4. What are hardest features to implement
Implementing sandbox state lifecycle is the hardest feature to implement.
A real pause/resume should pause or stop the provider sandbox, keep its filesystem and working state saved as a snapshot, then resume that same sandbox later.
Some providers either don't offer sandbox pausing, or don't make it discoverable enough for an agent. In those cases, the builder agent implements a fallback resume that marks the agent stopped/idle in the database (and thus, the app UI) but leaves the VM running.
Considering all sandbox providers bill by time active, this could significantly increase the cost of running such a Devin clone.
Only 9/15 builds have true pause/resume behavior that preserves the same sandbox. Box, Daytona and Islo have native sandbox lifecycle commands the agents could use. Agents building on E2B and exe.dev used fallbacks: E2B either killed and recreated the sandbox, hit a 404 while reconnecting to a paused sandbox, or documented a fresh-sandbox-with-same-branch path. exe.dev either controlled an in-VM endpoint, marked the agent stopped while keeping the VM alive, or only got Stop/Resume DB transitions after restart was denied.
A real fork should copy the entire OS image and filesystem state including uncommitted work.
Nearly half the runs (7/15) failed to build a real fork implementation and instead built a fallback that built a fresh sandbox from scratch and re-cloned the parent's branch.
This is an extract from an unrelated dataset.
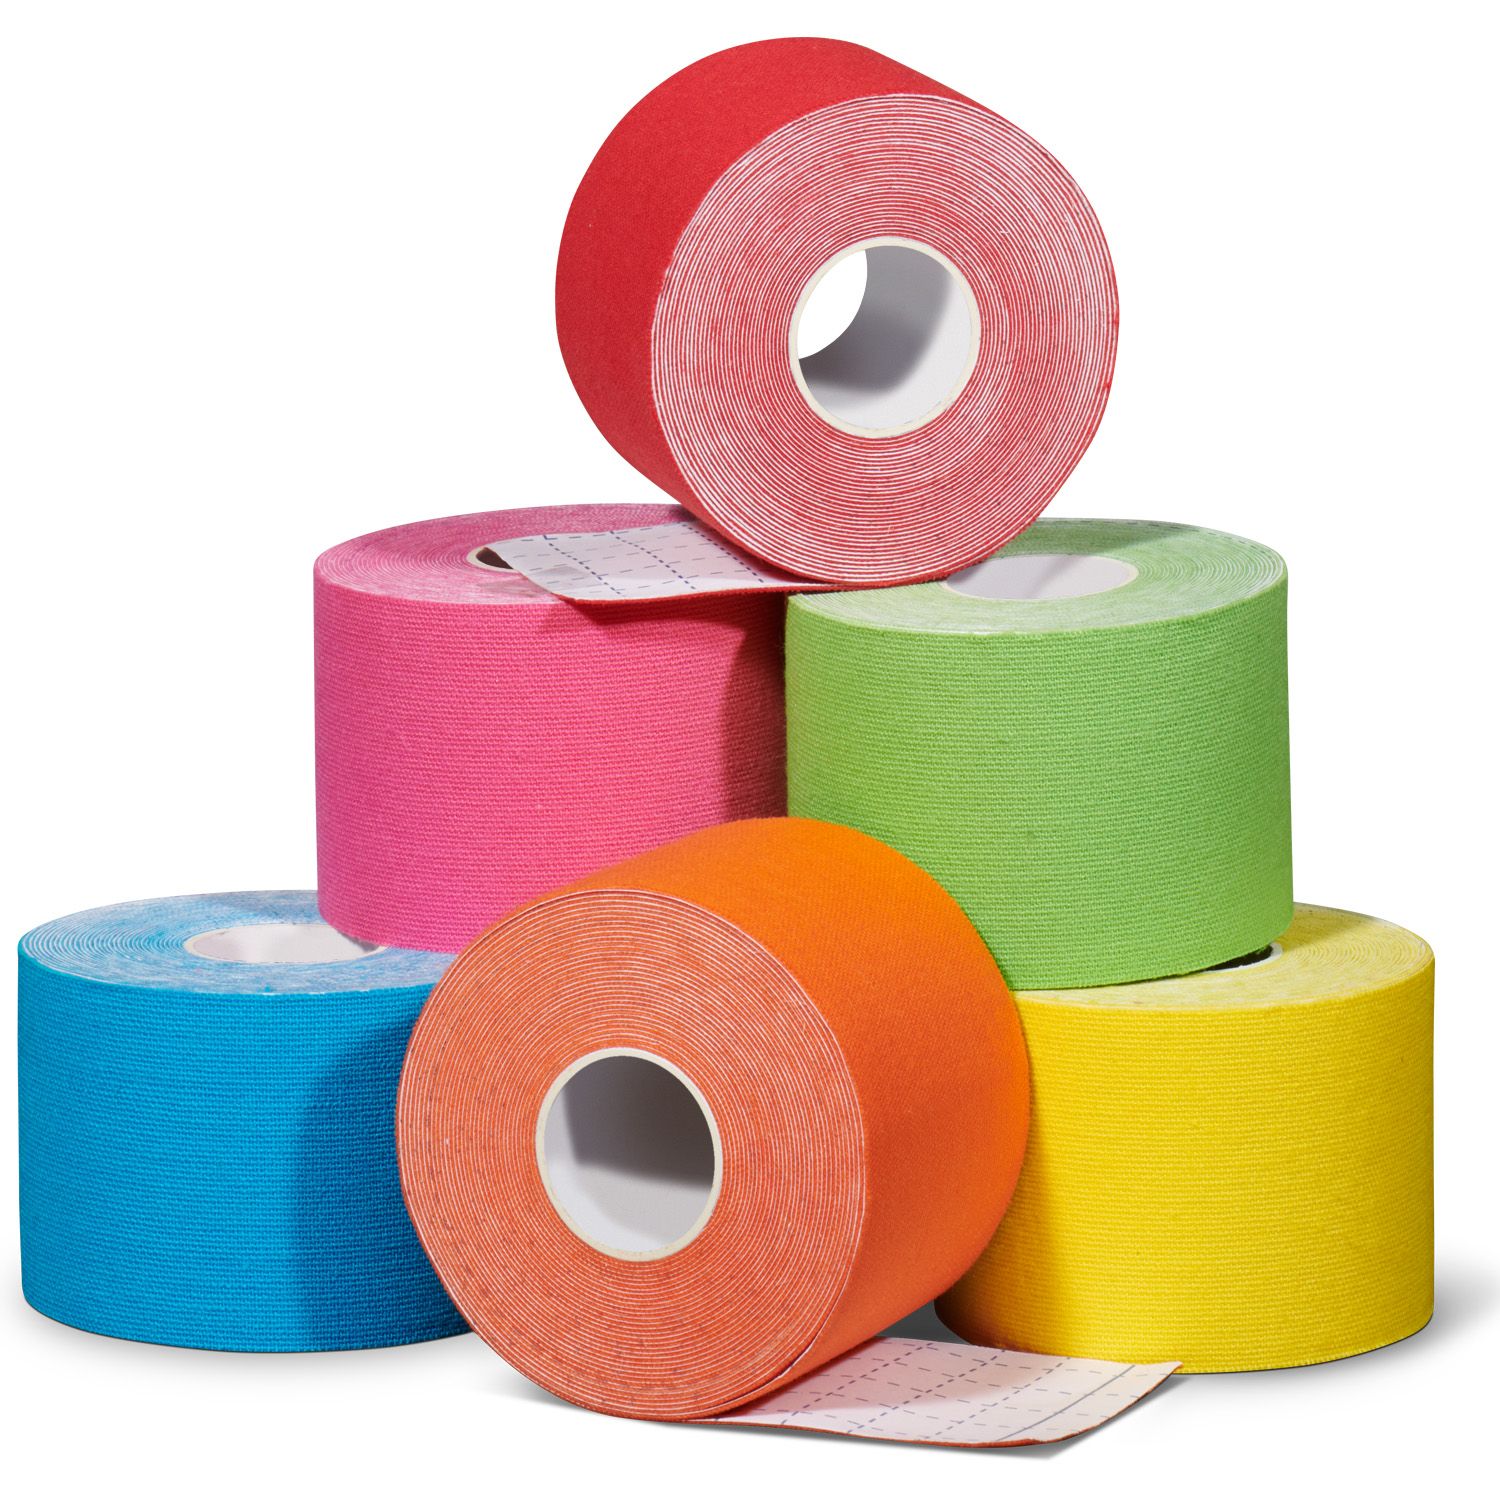 gladiator sports kinesiology tape six rolls together

Box had the cleanest implementation because it had a clear, simple native fork feature. Every build created a forked sandbox with branch, history and parent lineage.
E2B lacked a native sandbox-snapshot fork in these builds, so all three rebuilt the child from a new sandbox, the parent's branch and copied app history.
Daytona exposed _experimental_fork, but one build still kept a fresh-sandbox fallback as a backup.
exe.dev had cp as the VM fork primitive, but one build could not use it because cp returned Error 403.
Islo implemented it correctly once but its other two runs created a new sandbox or re-cloned while copying transcript and branch context.
Conclusions
Every provider here gave the builder agent enough surface area to create and stop a sandbox. The split showed up later: not every provider made fork, pause and resume available as real native primitives. That matters because fallback lifecycle code usually means re-creating, re-cloning, or keeping machines warm when they should be paused, which costs time and money at scale.
Box was the best overall balance in this benchmark. It completed the full lifecycle in every build, worked through both raw HTTP and the SDK, and had the lowest normalized runtime price in the comparison at $0.036/hr.
The practical conclusion is simple: choose the sandbox that preserves state cleanly, not just the one with the fastest quickstart. For a Devin-like product, that is where box worked best.